Electoral ward in West Yorkshire, England

Pontefract South is an electoral ward of the City of Wakefield district, used for elections to Wakefield Metropolitan District Council, in West Yorkshire, England.

==Overview==
The ward is one of 21 in the Wakefield district and is one of its most marginal. Its marginal nature can be largely put down to the nature of its demographics. The ward takes in traditionally Labour-voting areas of Pontefract, in the form of Chequerfield, Baghill and the Carleton Park estate, along with more Conservative-leaning areas such as Carleton and the outlying villages of Darrington, Wentbridge and East Hardwick.
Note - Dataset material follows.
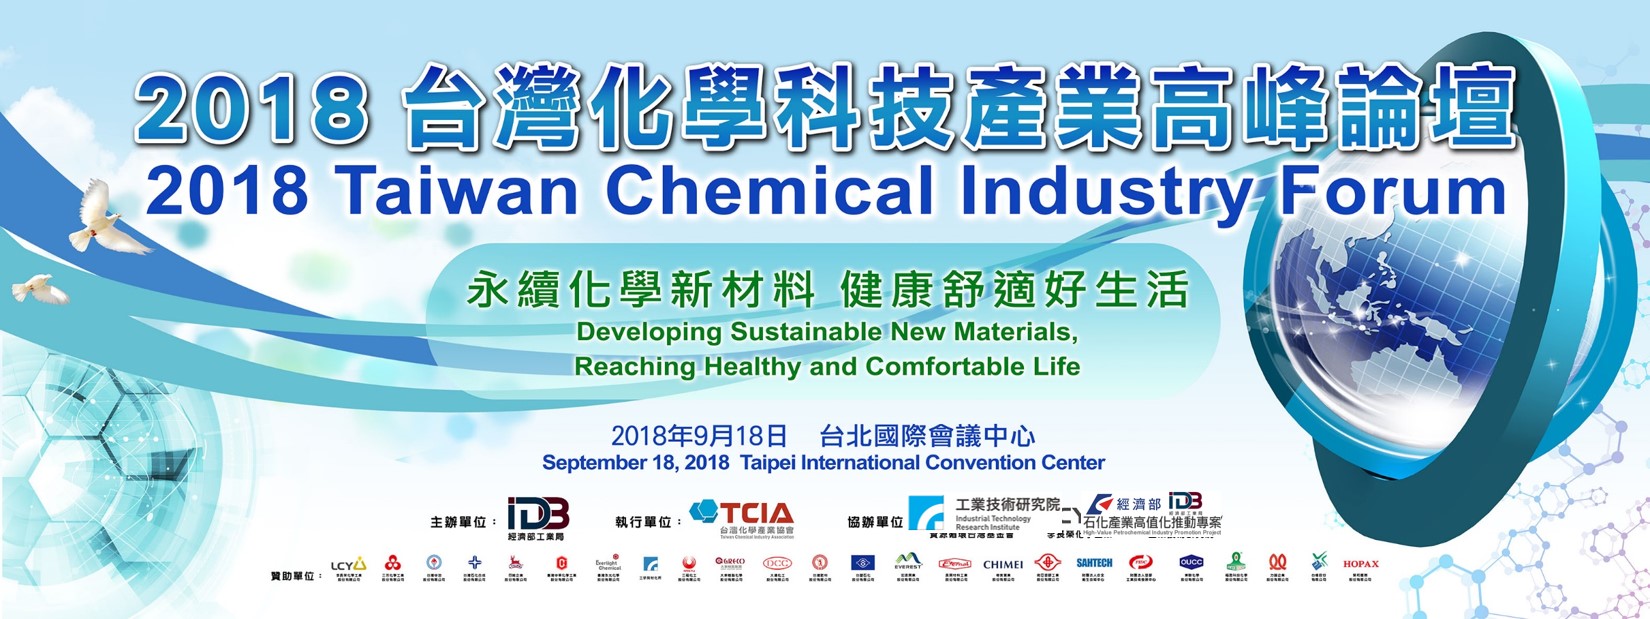 【論壇】2018年台灣化學科技產業高峰論壇(2018/9/18)

Other areas of the ward, such as the Larks Hill estate, are probably the most locally marginal parts of the ward; their voters swing between Labour and the Conservatives from one election to another.

In December 2010, the ward's electorate stood at 12,090.

==Representation==
Like all wards in the Wakefield district, Pontefract South has three councillors, whom are elected on a four-year-rota. This means that elections for new councillors are held for three years running, with one in every four skipped.

At present, the ward is represented by two Labour councillors, George Ayre and Brian Mayhew, and one Conservative councillor, Tony Hames. For over a decade, the ward was represented solely by Conservative councillors; however, at the local government elections held on 5 May 2011, Conservative councillor Philip Booth lost his seat to the late Tony Dean, meaning Labour gained representation in the ward once again.

At the local elections in May 2014, Pontefract local George Ayre (Labour) unseated the Wakefield District Conservative group leader of Wakefield Council, Geoff Walsh, to ensure the party held the majority of seats. In 2015, David Jones (Labour) replaced Tony Dean who retired that year. In 2018 and 2019 respectively, George Ayre and David Jones were re-elected.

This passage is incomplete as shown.